Just saw this. Bestop is developing a soft top with glass rear and side windows! They have even included options for a rear window defroster and wiper.

Check out Quadratec's video walk around:






Another video from Power Media:






And one more from Summit:






Hopefully by the time I have to replace the top on my TJ they will offer one for it.


----------



## bschurr (Nov 8, 2011)

Thanks for sharing but, a full glass window in back sure makes dropping the soft top quite impractical!

I do however like and appreciate the removal of zippers to install the side windows - very innovative!


----------



## CowboysLC_DE (Aug 17, 2013)

Sorry to be a Grinch but they only keep moving farther away from the vehicle being a Wrangler. This top would only be available on the 07 and newer JK's. The only positive statement I can say about the JK is the new 4 door. Otherwise, everyone is just buying one to feel like they are back in their early days of driving.
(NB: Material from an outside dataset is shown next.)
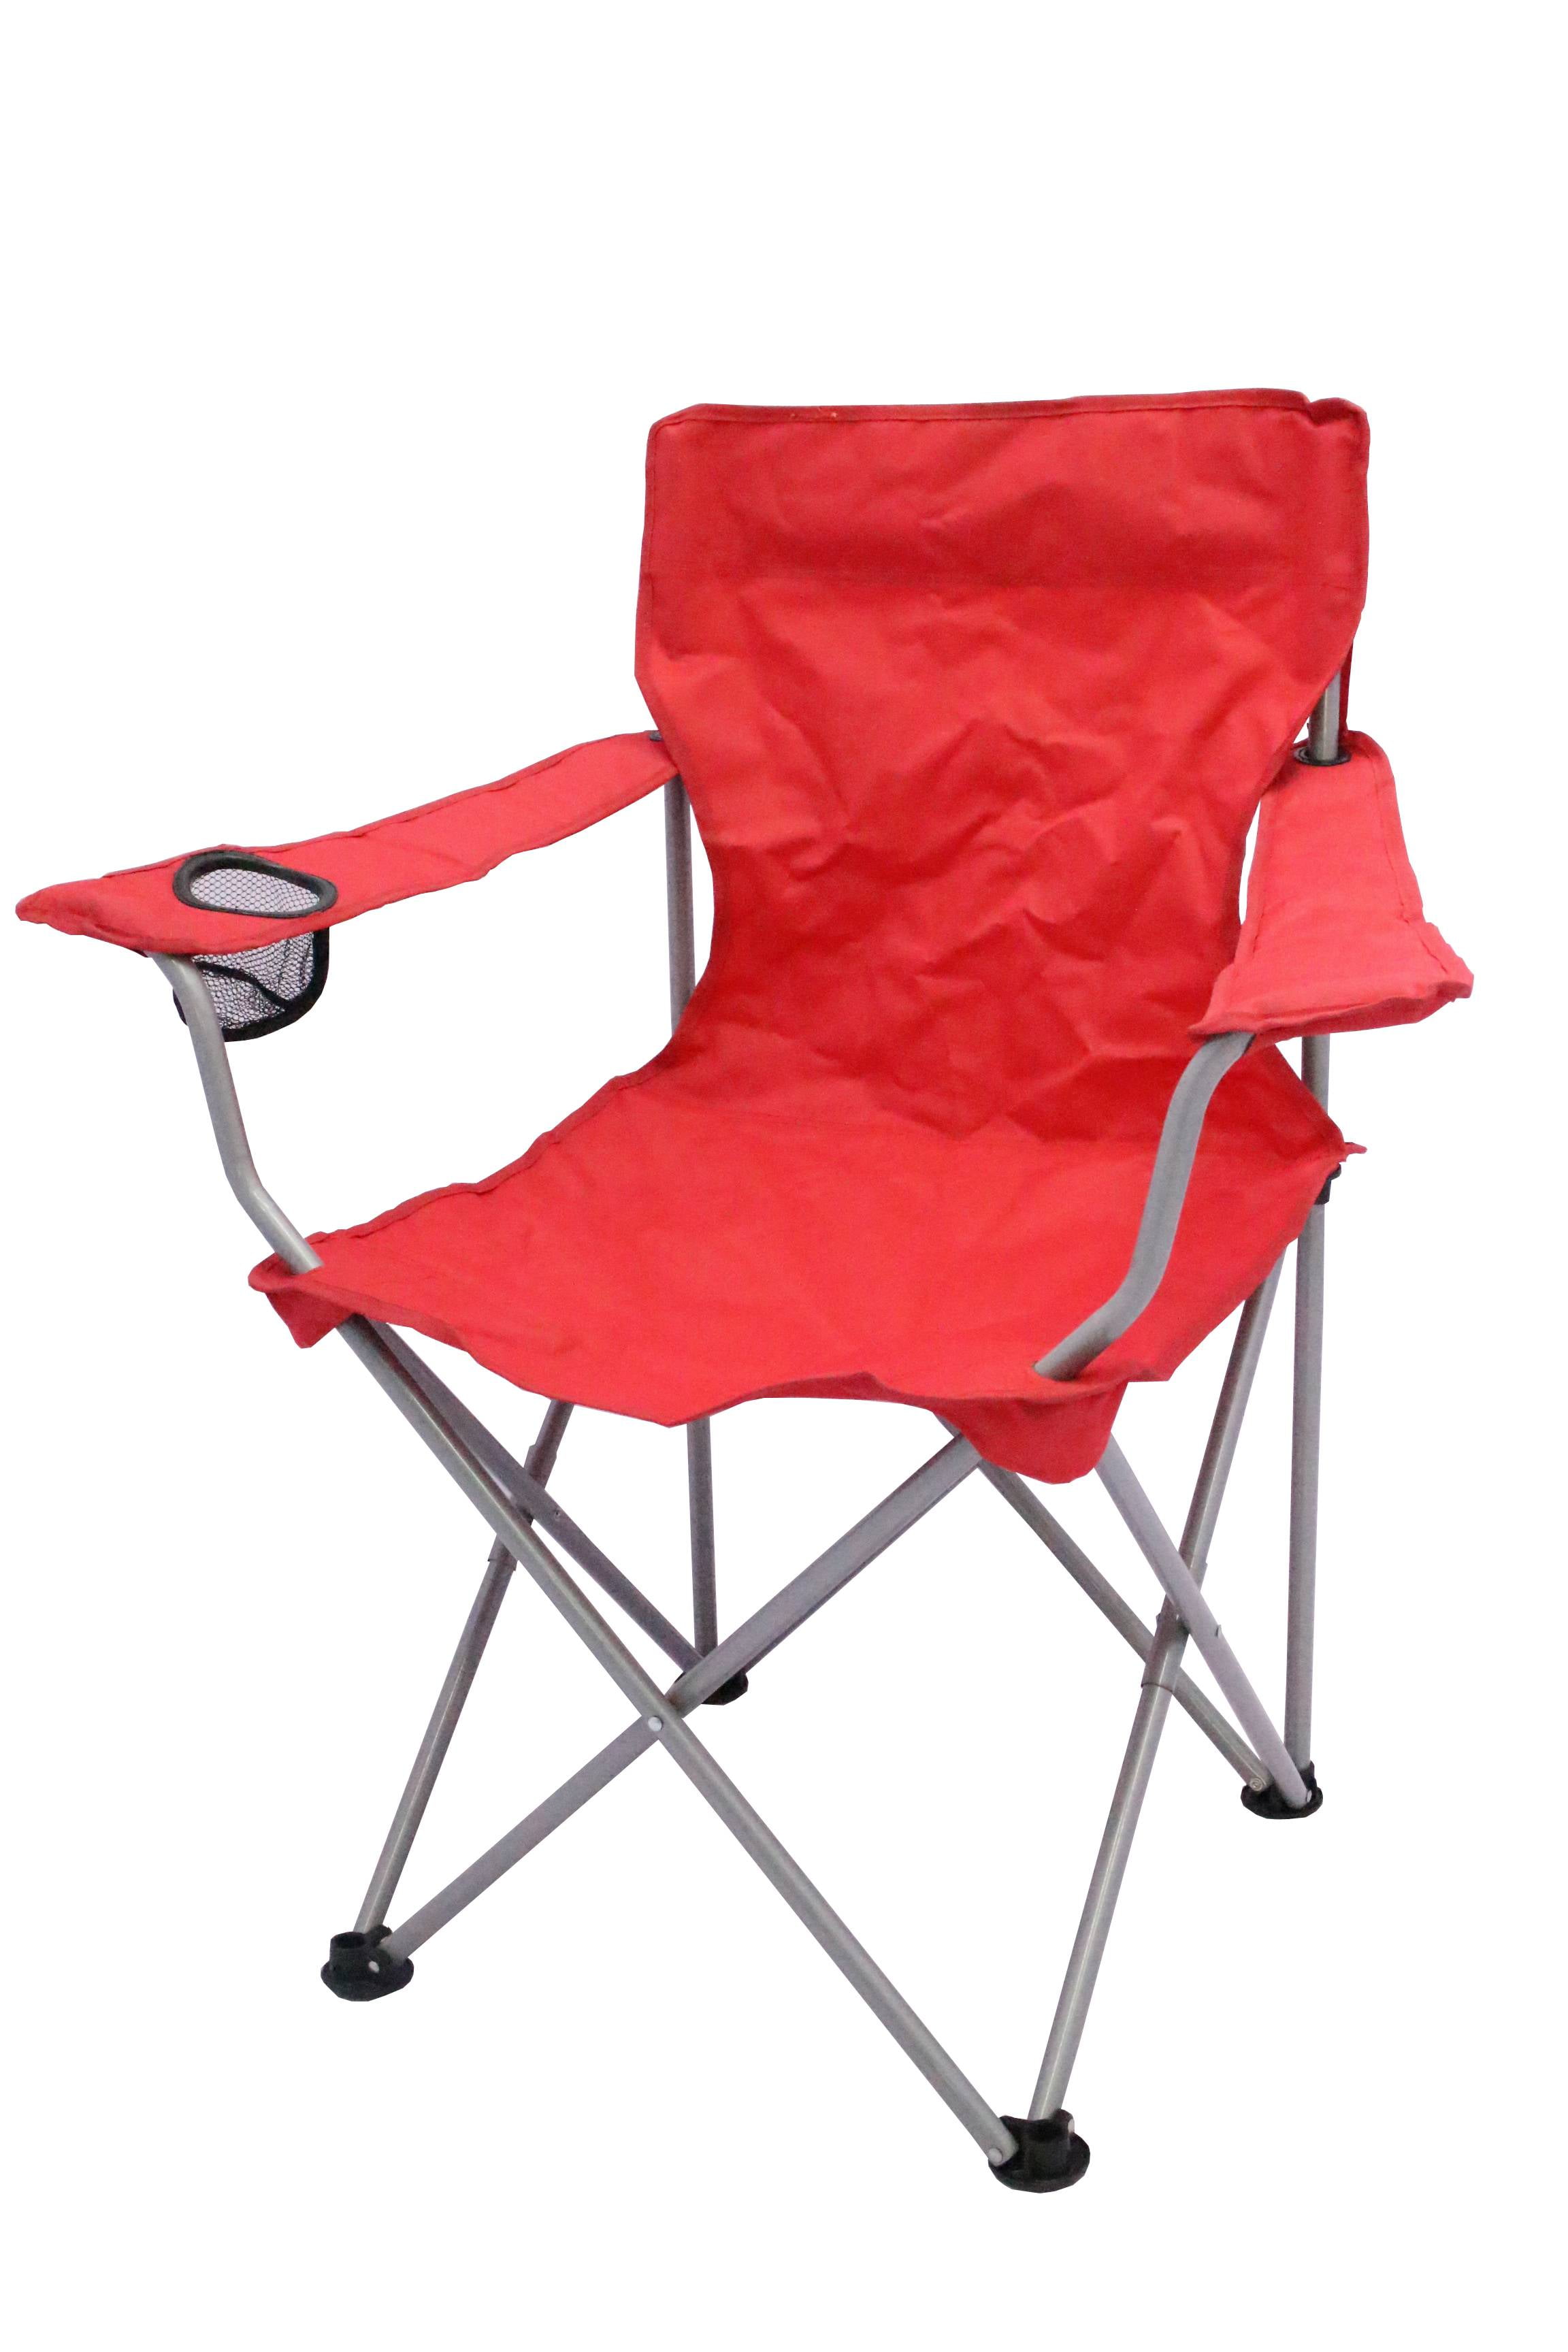 Ozark Trail Camping Basic Comfort Chair

The only advantage over a hard-top, I would assume, would be the price. It wouldn't be a soft-top at that point, but really a cheap hard-top.

Michael


----------



## 32vld (Feb 4, 2011)

Glass will not make the heat or AC work better with a soft top. Glass will not make less noise reach the interior. Glass will make putting the soft top down a pain and where do you store the glass so it does not get broken.

Leave the glass at home?

That does not work well when you get caught in the rain.

Either you run the hard top or a soft top. If I was to buy another Jeep it would be soft top and half doors.

I have a '05 TJ Unlimited. Hard top has not been on it in years. Run the soft top all year. I installed a windscreen behind the front seat, removed the side and rear curtains. So the Jeep acts as a 2 dr pickup with a small bed.


----------